Tuesday, March 20, 2007
Mary Oliver had made up her mind. And a million incredulous looks from the funeral director wasn't about to change it. Her beloved Donald would spend eternity inside a basketball. Well, what was left of Don. His cremated ashes. Maybe, said the director, as politely as possible, we could imprint the urn with a basketball. Nope, said Mary. No imprint. The genuine article. Leather and everything. The family had the perfect one available, a ball Don's granddaughter, Caley Onek, and her brother had given him as a birthday present. A section of the ball was cut away. The plastic bag of ashes was carefully tucked inside, and the section replaced. They really hooped it up at Don's service as well. Final Four hats were positioned up and down a small ladder. Pictures of the 23 Final Fours Don and Mary had attended shared space with a big bouquet decorated with mini basketballs, stickers and jerseys. 23 consecutive Final Fours when a nasty cough set in early last year. A trip to the hospital revealed the worst possible news.

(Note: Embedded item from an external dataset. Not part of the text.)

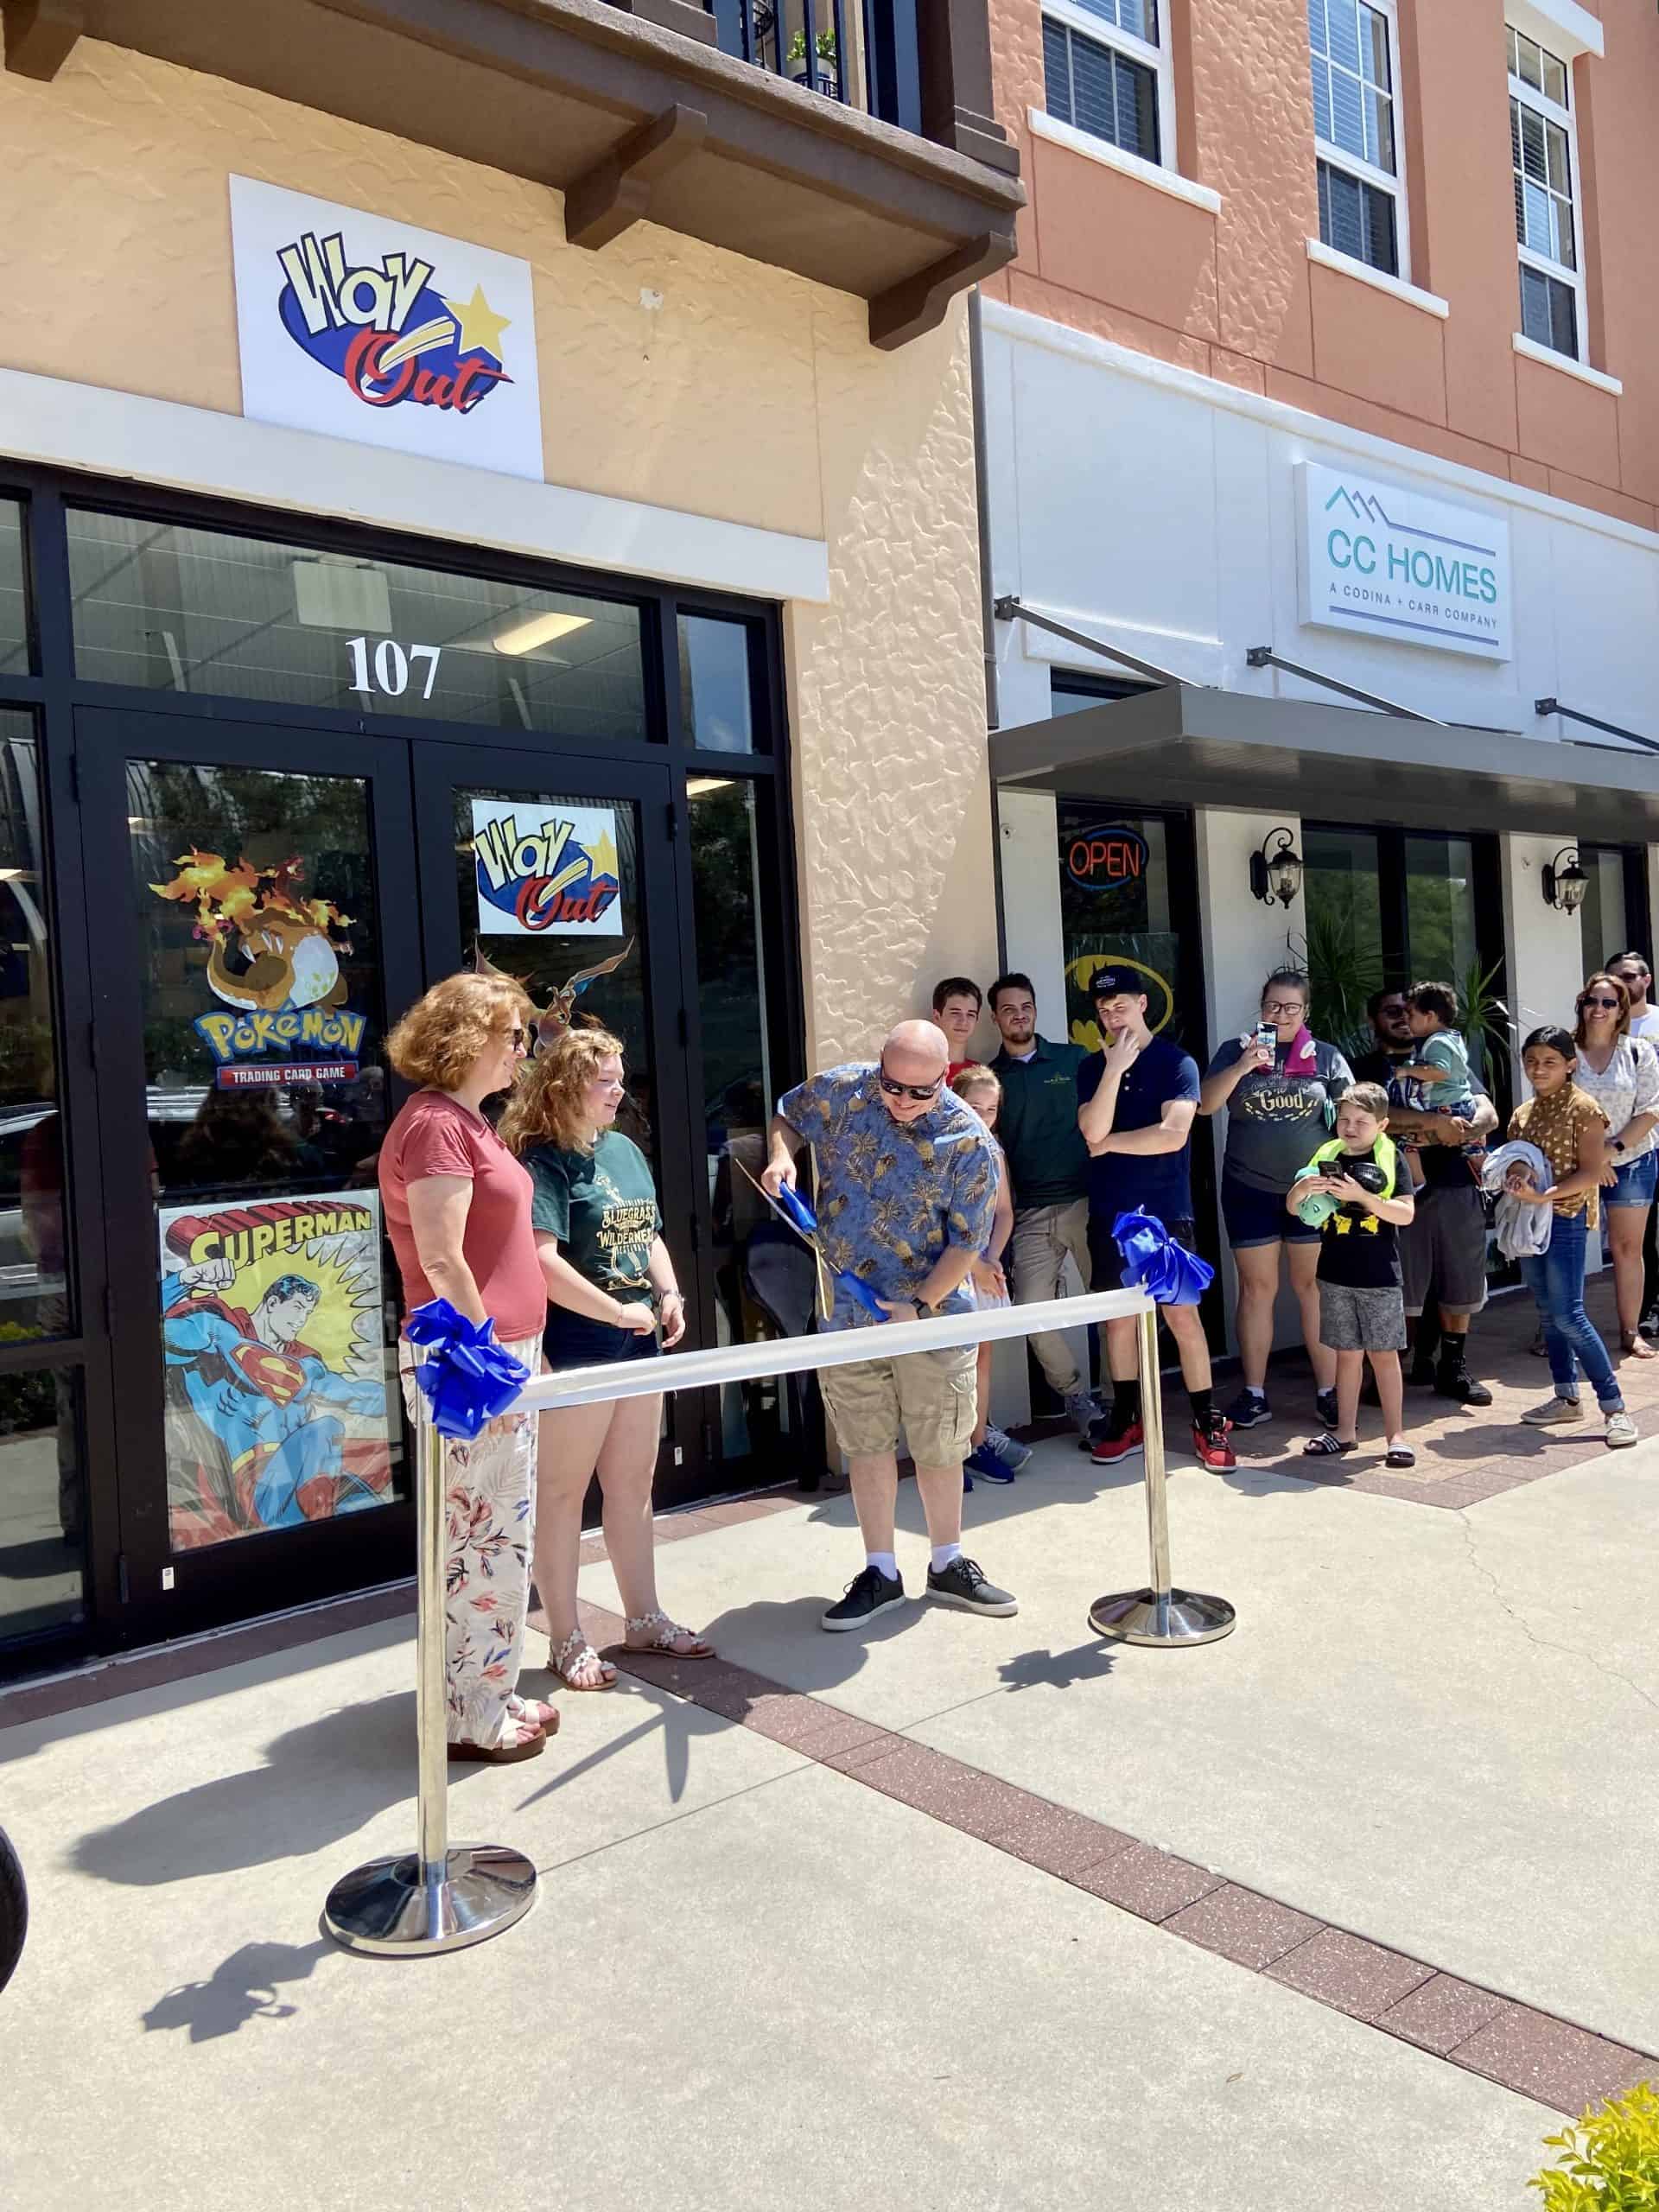 Way Out Toys & Games Grand Opening in Ave Maria Town Center

Don had lung cancer. Of course, he felt terrible. He must have. For the first time in 23 years, Don and Mary skipped last year's Final Four. Don seemed to be holding his own. Then, last August 1, Don and Mary were preparing to attend -- what else? -- a game. Mary walked out to the car and saw Don on the ground. An ambulance was summoned, but it was too late. Seventy-year-old Don Oliver was dead from a blood clot to the heart.
Donald Oliver loved basketball. No, he really loved basketball. As a boy growing up in Miller, Kan., he played all the time. His passion translated throughout the family. His daughter played in high school, then coached at Allen County Community College in Iola. His granddaughter plays for Flinthills High School in Rosalia, and plays to continue in college. Don would attend her Monday night game, then his grandson's game on Tuesday night. The area's college teams, Emporia State and Washburn University, weren't ignored either. Nor was the state's powerhouse, the University of Kansas. Don wouldn't drive to those games in Lawrence. Too far. Instead, he'd fly, wearing the KU cap with the giant Jayhawk perched on top. "He had a passion for the game that I couldn't even describe,'' said Caley.
Ed.--What can I say but Rock Chalk Jayhawk Go KU!